Walleyes – Depth Vs Altitude

Rather than hijacking the blade bait discussion for the Columbia River, thought this was an interesting topic.

Most walleye anglers we chat with here are primarily mid-west region of the country. I diudn’t look up specific topo’s for MN, WI, IL, IA…but I would guess most of us here are 700′ to maybe 1200feet????? Just a guess.

Anyways, I’m really curious what type of mortality there is on walleyes in deep western lakes? I know in Colorado, we see schools of walleyes cruising at 50-70 feet down frequently. Additionally, bringing these fish up from those depth don’t seem to have the same affects as we see here coming up from 30′.
Could the altitude make the difference? Any divers on here that can give any insight to pressure differences of water at 7000 feet Vs 700feet?
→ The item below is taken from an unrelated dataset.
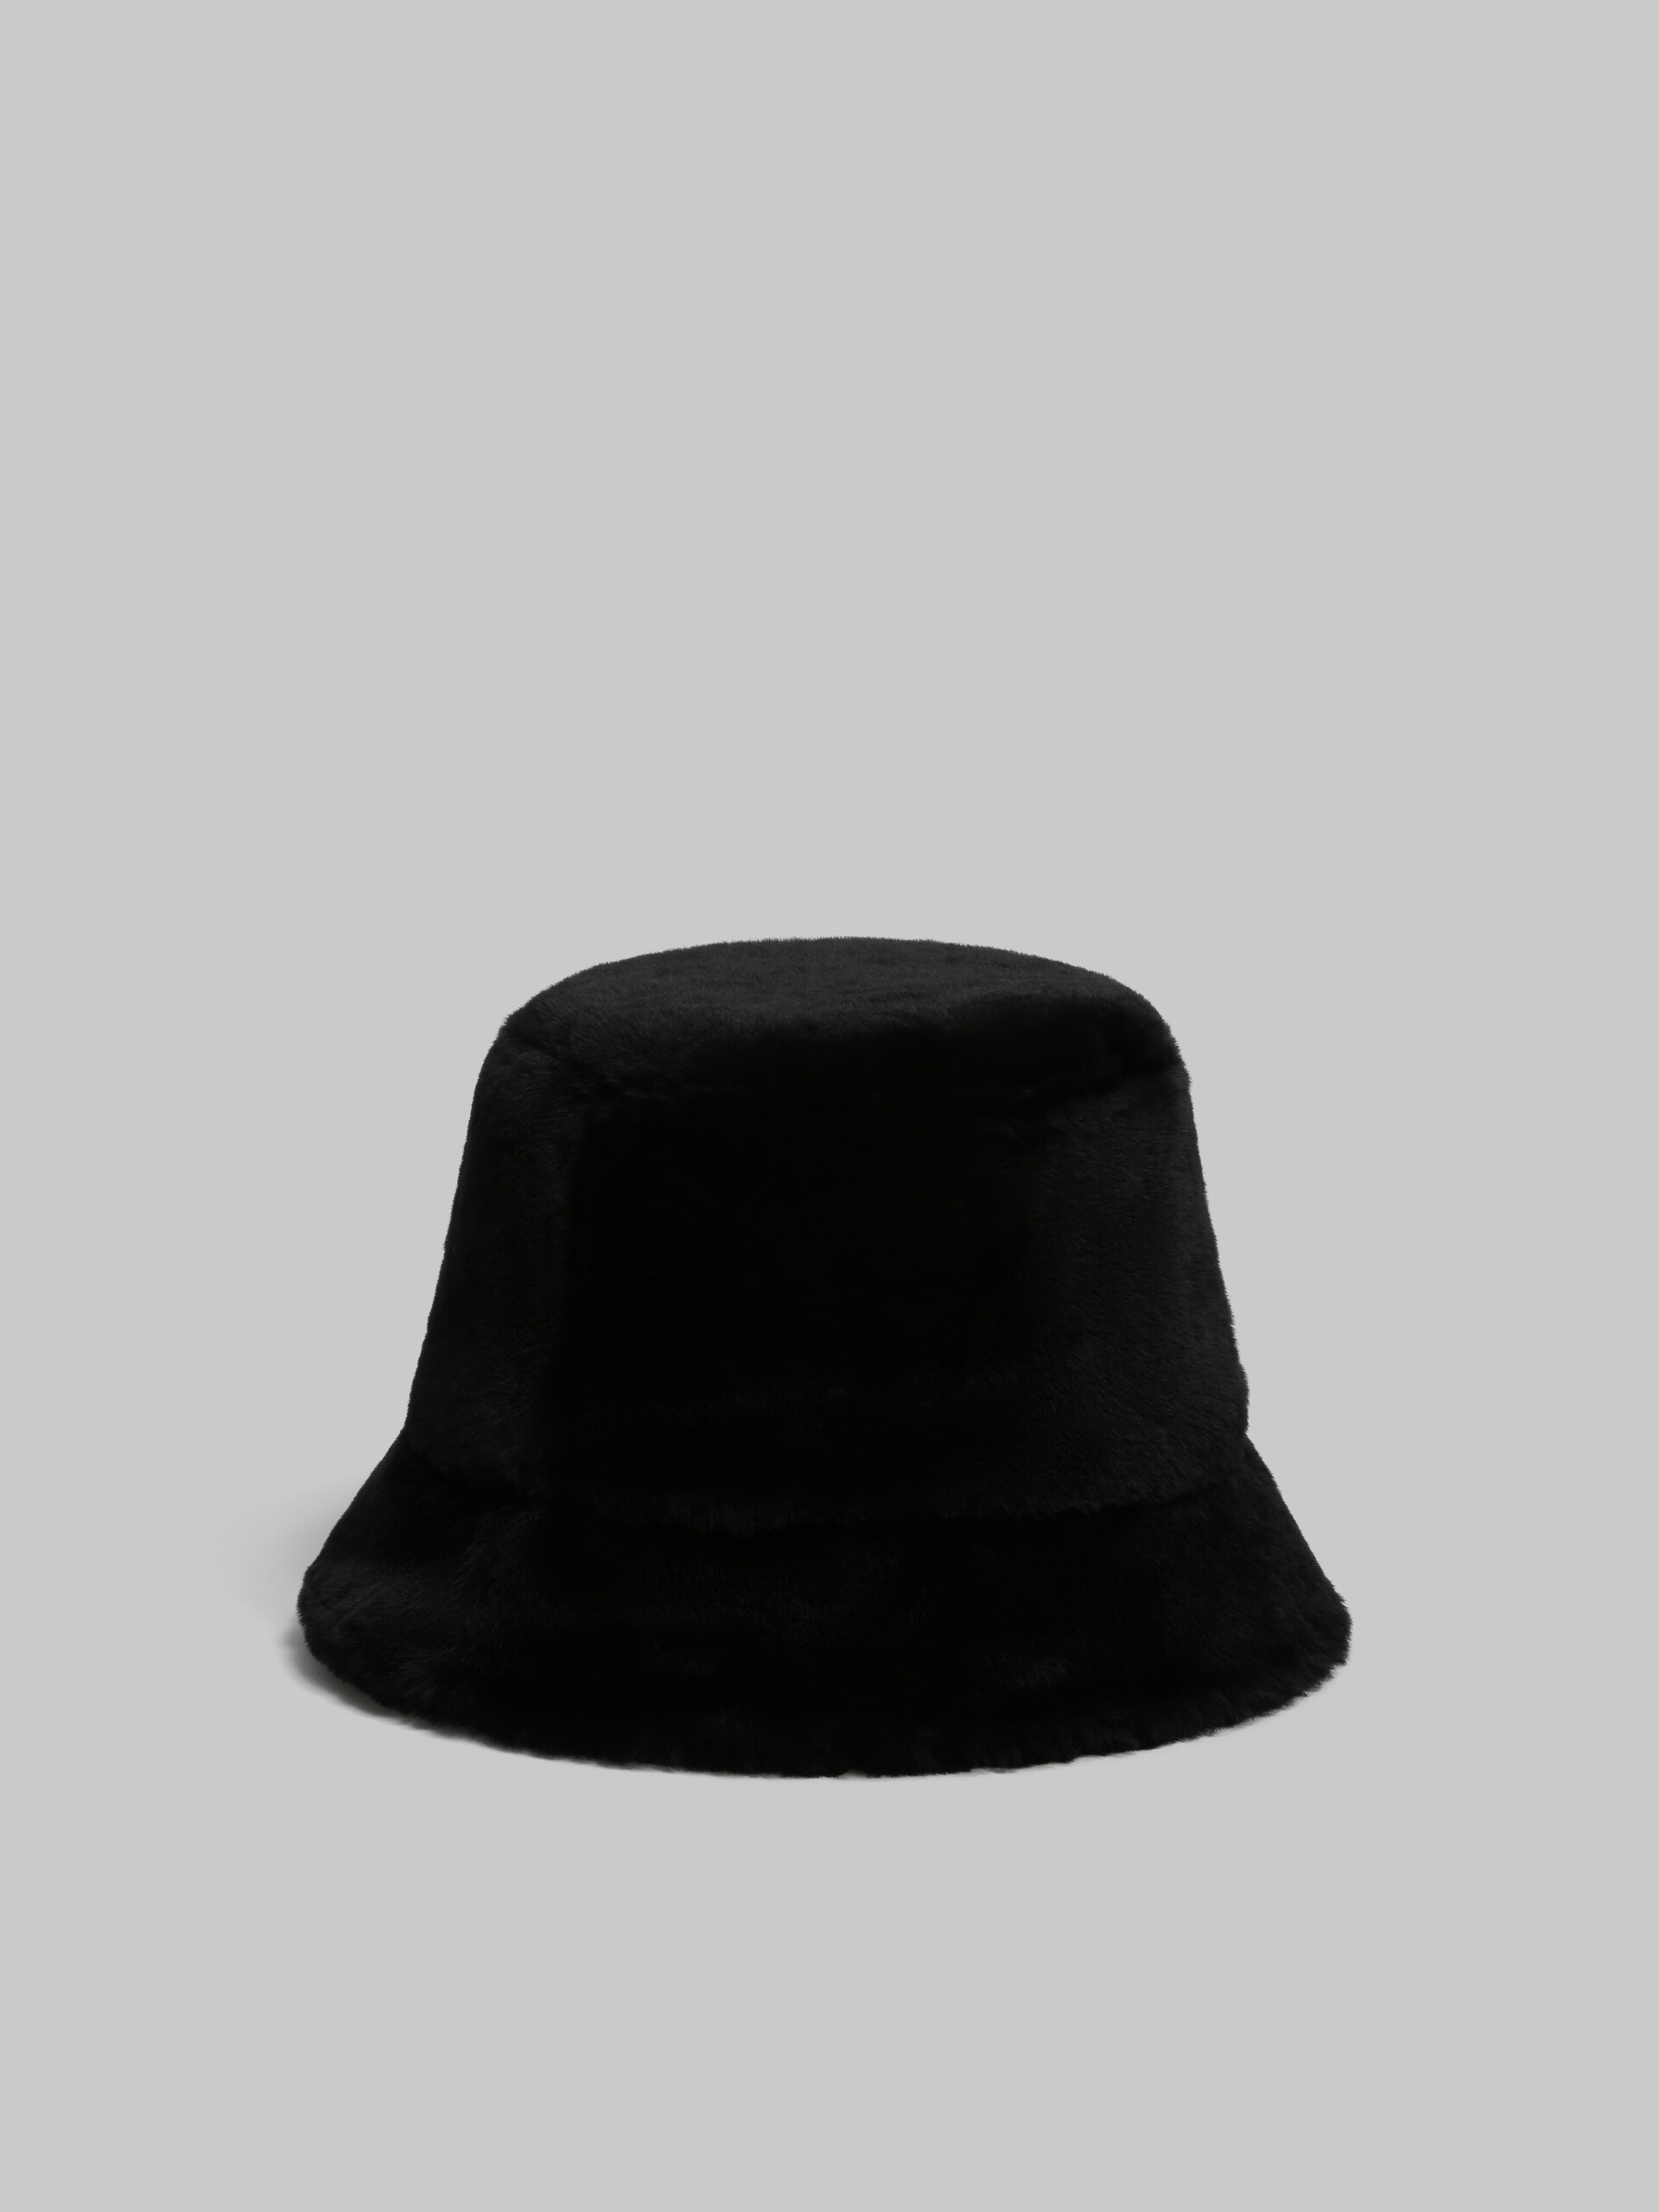 Gorro de pescador negro de borreguito rasurado - Sombrero - Image 3

Good question and great observation.

Altitude diving sometimes makes my brain fart as it’s all inverted. Attached is the USN Dive Manual Rev 7 which is the most up to date.

But, it’s slmost the opposite one would think. A diver in altitude actually requires MORE decompression than they would at sea level.

At 50 FSW ( salt water not fresh water but it’s fairly close) it would actually be the equivalent of around 40 FSW at 6000 feet. Inversely though, your decompression obligations would be that of a 70 FSW dive.

Confused? 50’ dive at sea level for 1 hr would require no deco stops. 50’ dive at 6000’ altitude (equal to 70’) for 1 hr WOULD required deco stops.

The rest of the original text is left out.